String to int? Easy just write it yourself. By definition, this solution can handle any requirements you need, but will take time to implement and test. I have included a naive solution in the performance tests for comparison purposes.

int atoi(const char* str)

#include <string>
#include <cstddef>

bool String2Int(const std::string& str, int& result)
{
    result = std::atoi(str.c_str());
    return true;
}

Part of the C standard library. Has quite a few problems though. The inability to detect failure makes this pretty much useless for real-world programs.

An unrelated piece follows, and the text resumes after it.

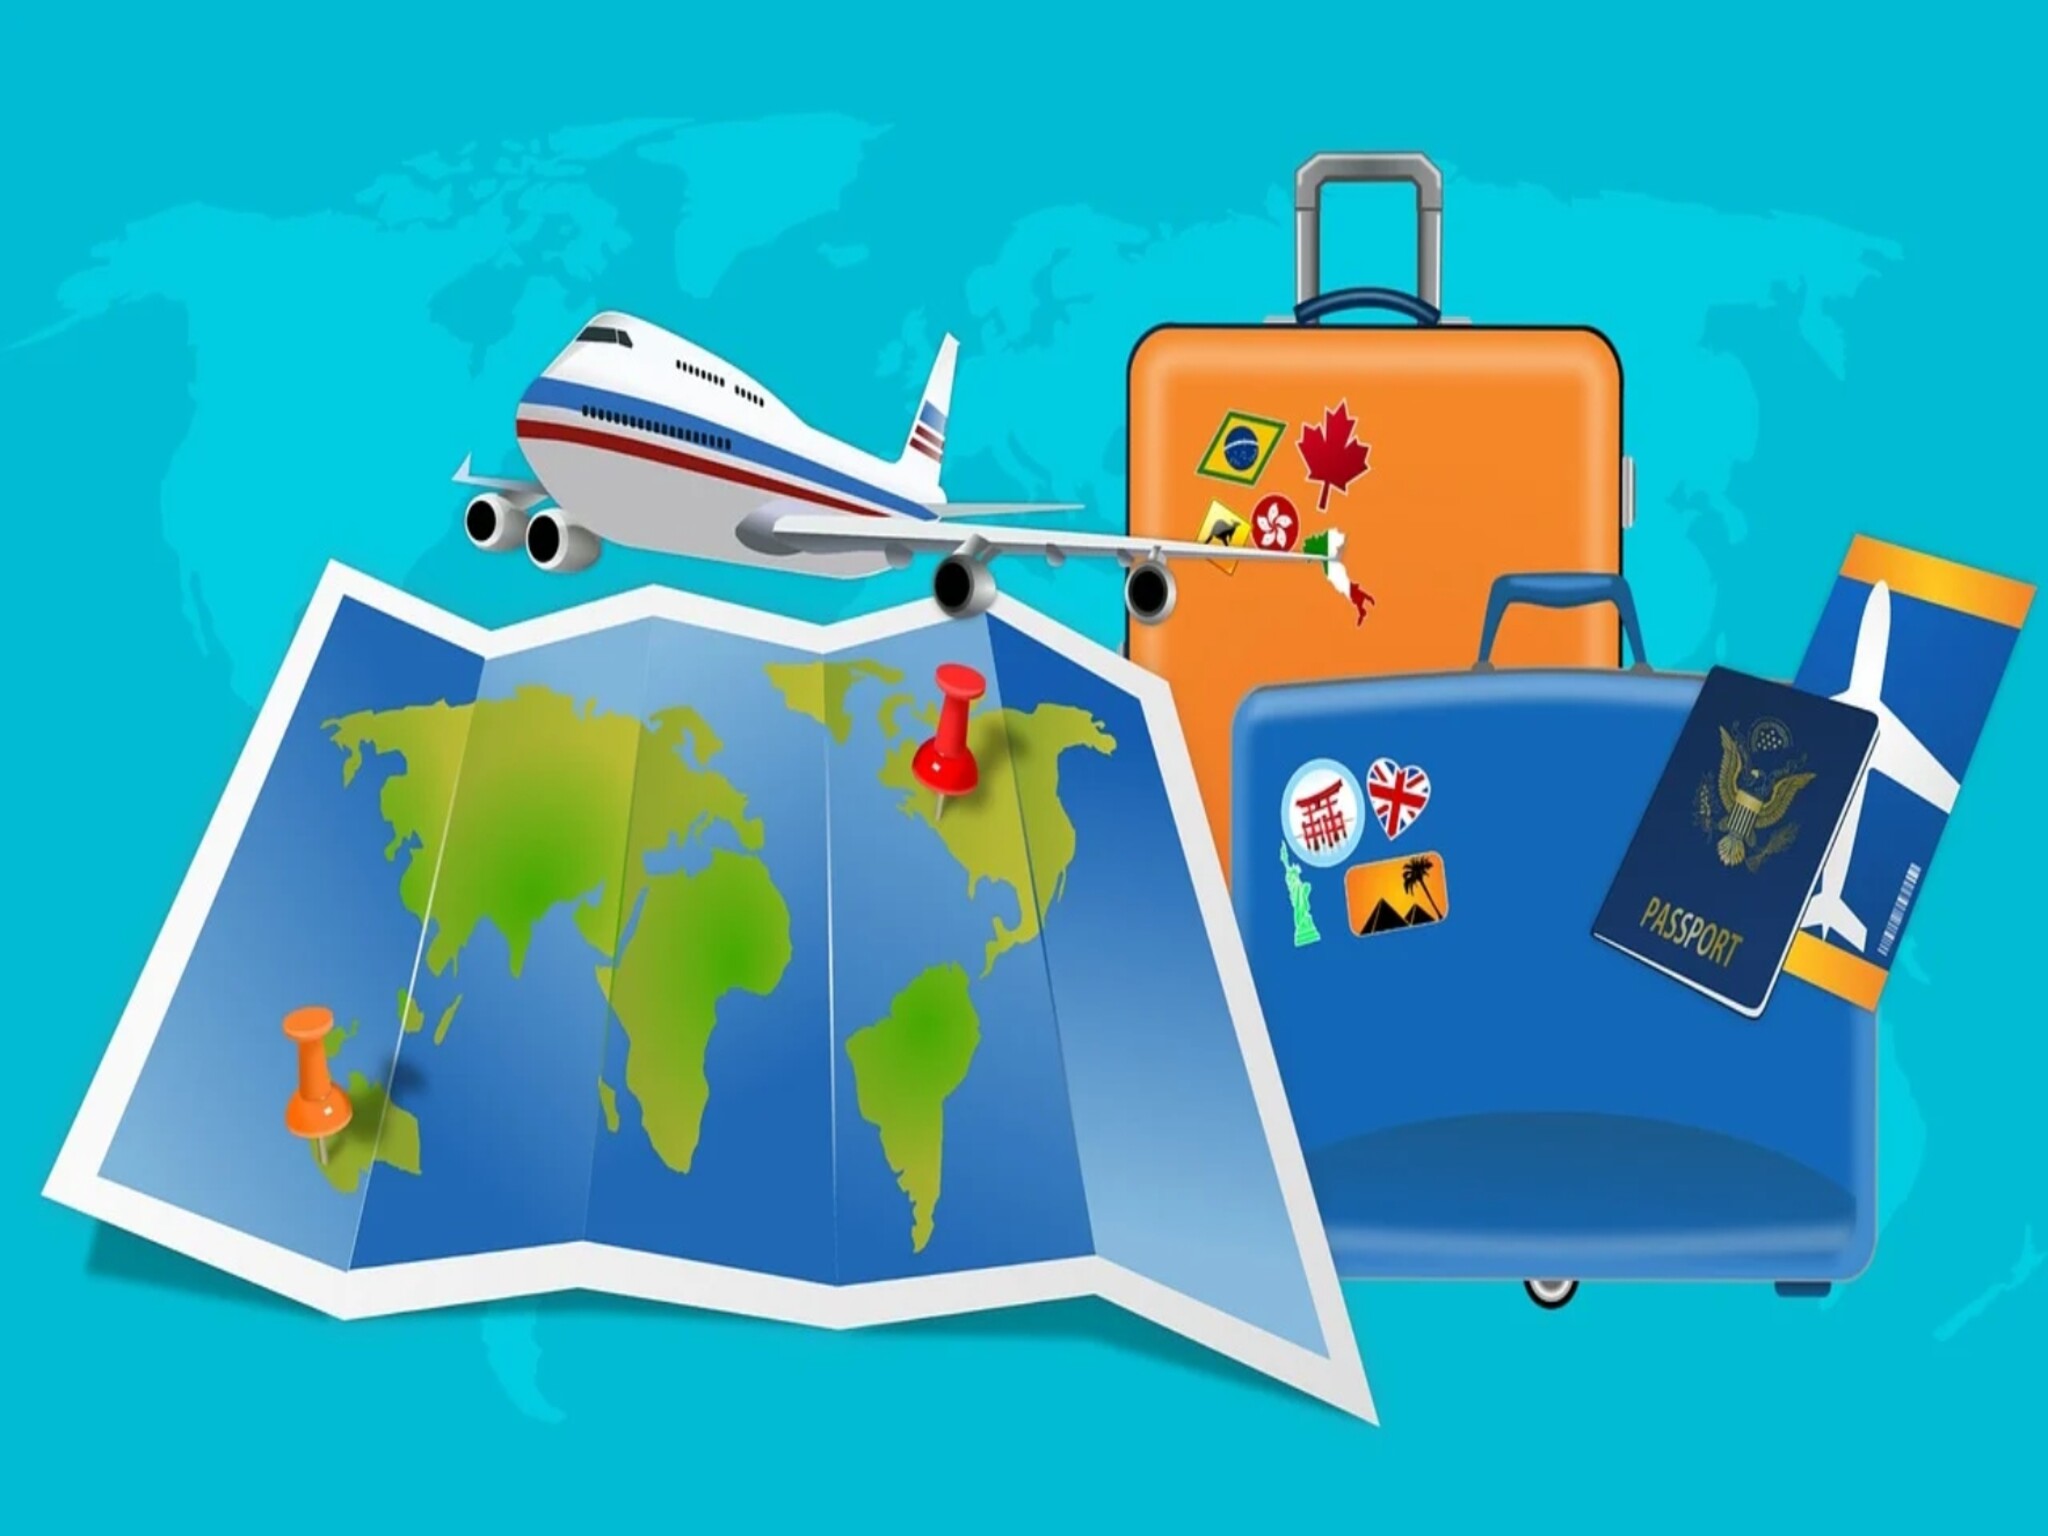 الإمارات تتيح وجهات سفر مميزة للمقيمين دون الحاجة إلى تأشيرة دخول

  1. Correct — Part of the C standard library, so should be thoroughly tested.
  2. Safe — Requires strings to be NULL-terminated. If you’re using std::string::c_str() this won’t be a problem.
  3. Detectable Failure — No.
  4. Base-10 — Yes.
  5. Match All — No.
  6. Fail on Overflow — No.
  7. Type Agnostic — There are various versions such as atol/atoll/atof and templates could be used to use the correct version depending on the type. There are no unsigned versions in the standard library though.
  8. Locale Independent — No.
  9. Fast — See performance comparison.

long strtol(const char* str, char** endptr, int base)

#include <cstdlib>
#include <climits>

// Updated with range checks thanks to /u/anttirt
bool String2Int(const std::string& str, int& result)
{
    char* endPtr = 0;
    errno = 0;

    const long longval = std::strtol(str.c_str(), &endPtr, 10);

    if ((longval == LONG_MIN || longval == LONG_MAX) && errno == ERANGE)
    {
        return false;
    }

    if (sizeof(long) > sizeof(int)) // let the optimizer do its job
    {
        if (longval > INT_MAX || longval < INT_MIN) // needed for example on linux x64
            return false;
    }

    result = static_cast<int>(longval);
    return endPtr == str.c_str() + str.size(); // ensure the whole string was parsed
}

Part of the C standard library. Much better than atoi. Probably the best C standard library method.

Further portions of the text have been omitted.